南シナ海については冒頭でかなり身も蓋もない話があり、各国のナショナリズムのぶつかり合いなので思想的に見るものはないこと、武力衝突があっても海上のために人的被害は基本軍人であり西欧メディアの人権意識に訴える部分は少ないだろうということが述べられている。その他台湾の部分では蒋介石に一定の評価を与え、毛沢東への評価は不当であるという批評を行っているが、個人的には西欧(アメリカのリベラル?)で毛沢東の評価がそれなりに高いことに驚いた。また、実質的にアメリカの植民地であるフィリピンについても「これだけ資本投下してるのに民主主義が育たないって不思議だなぁ」みたいな暢気な意見を書いてますが、武力を背景にした交渉に常に曝される非植民地側の視点ってこの人には無いんだなぁという、頭のいい人間が見落としてしまう瞬間みたいなものも見れて面白かった。

この本は、米大統領や国防総省のアドバイザーも務めるカプランの新作である。

これを読んでも「中国と南シナ海は、この先こうなる」とはっきり結論が出るわけではない。

しかし、「米政権に近く、影響力のある人物が、中国や南シナ海諸国をどう見ているか」を知るために、必読の本である。

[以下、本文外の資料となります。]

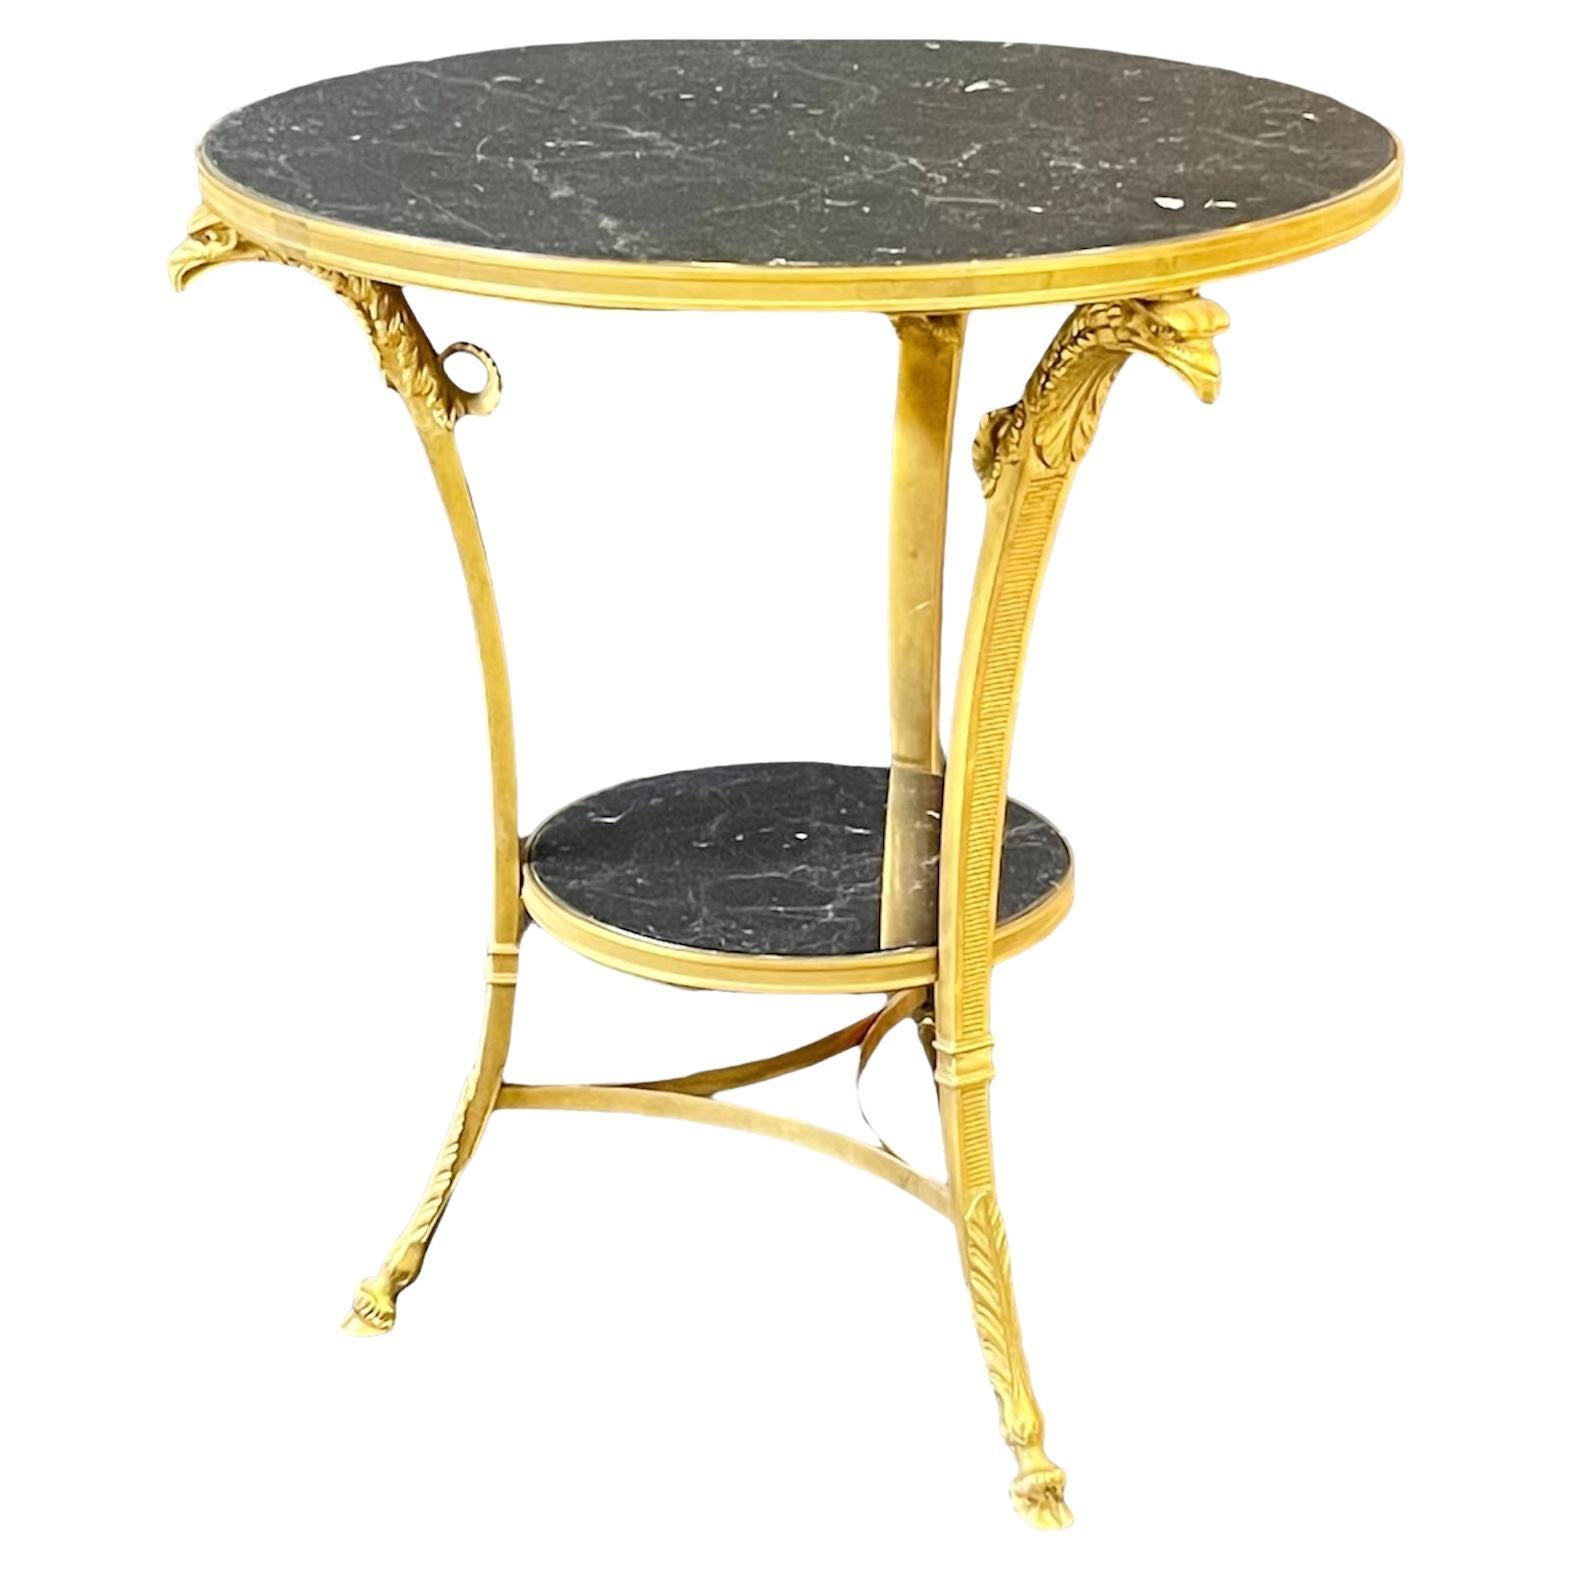 Very fine early 20th century French Empire style gueridon table of gilt bronze and marble. A circular tabletop of black marble with white veining is held by a decorative ribbed banding. The gilt bronze frame is comprised of three downswept legs

構成は、まず南シナ海と中国の現状、その後、ベトナム、マレーシア、シンガポール、フィリピン、台湾の過去、現状、未来について書かれている。

この地域の地政学は単純で、「中国という巨大な国と、その他の小国群」という構図。

では、小国群はいかに生き残りをはかるのか?

結論は、「米国に接近することで」が唯一の答え。

では、米国はどうするか?どうするべきなのか?

米大統領のアドバイザーがどのような結論を出しているのか?

是非この本を読むことで知っておいてほしい。

近年、日本企業は、賃金上昇が著しい反日国家中国から逃げ出し、南シナ海諸国(ベトナム、インドネシアなど)に拠点を移しつつある。

しかし、移った先の国と中国、米国の関係はどうなのか?

あらかじめ知るためにも、この本は役立つことだろう。

この本は日本人の為に書かれた本ではない。
あくまでも米国人の為の本であり翻訳者がこの本の価値を見いだし翻訳して日本人に紹介しているに過ぎない。
カプラン氏の本は学者にありがちな専門分野内での他の学者の引用に留まらず、哲学者や文化人類学者の文章が引用され無理の無い文章運びになっている。

南シナ海をカリブ海と比較し、カリブ海の米海軍制覇が米国世界覇権の先駆けになった様に
南シナ海の中国制覇が中国世界覇権の先駆けになりかねないと解説している。
地政学は地形から国や集団の性質や行動を分析する学問である。
この比較は正しい。

20世紀は太平洋圏の時代で、覇権を日米で争った様に
21世紀はインド洋圏が世界の中心となり、太平洋周辺国からアクセス可能な国がここで覇権を争う。
マラッカ海峡の重要性が更に増す。

戦争がアートである様に歴史にも再現性が必ずしも備わらない。
カリブ海と南シナ海は地政学的な類似点はあるが、中国が覇権を握るとは限らない。
当然南シナ海周辺諸国がカリブ海周辺諸国と国内事情が異なるからだ。
この本では南シナ海周辺国各国を詳細に解説することで
これから南シナ海だから起こるかもしれない歴史的事件をほのめかしたりもしている。

華僑やイスラム教徒が各国内で入り交じり単一民族の日本とは抱えている問題が異なる。
一つにまとめあげるには独裁者の存在が必要な事を認めている。
著者は柔軟な頭の持ち主である。

各国毎に解説しているが米国の影響力が大きい事は共通している。
ただし、自国領海を自ら守らないと米国はプレゼンス出来ない。
その意味でベトナムを最も重要視しているのは正しい。
中国の海洋進出に最も抵抗しているのはベトナムだからである。

この本を読んだ米国人は米ソ冷戦終結後、極東よりも東南アジアの方が重要である事を確認する事になる。
ロシアを封じ込めるよりもインド洋へのアクセスの方が重要と分かれば
軍縮された限られた兵力は南シナ海に置かれる事になる。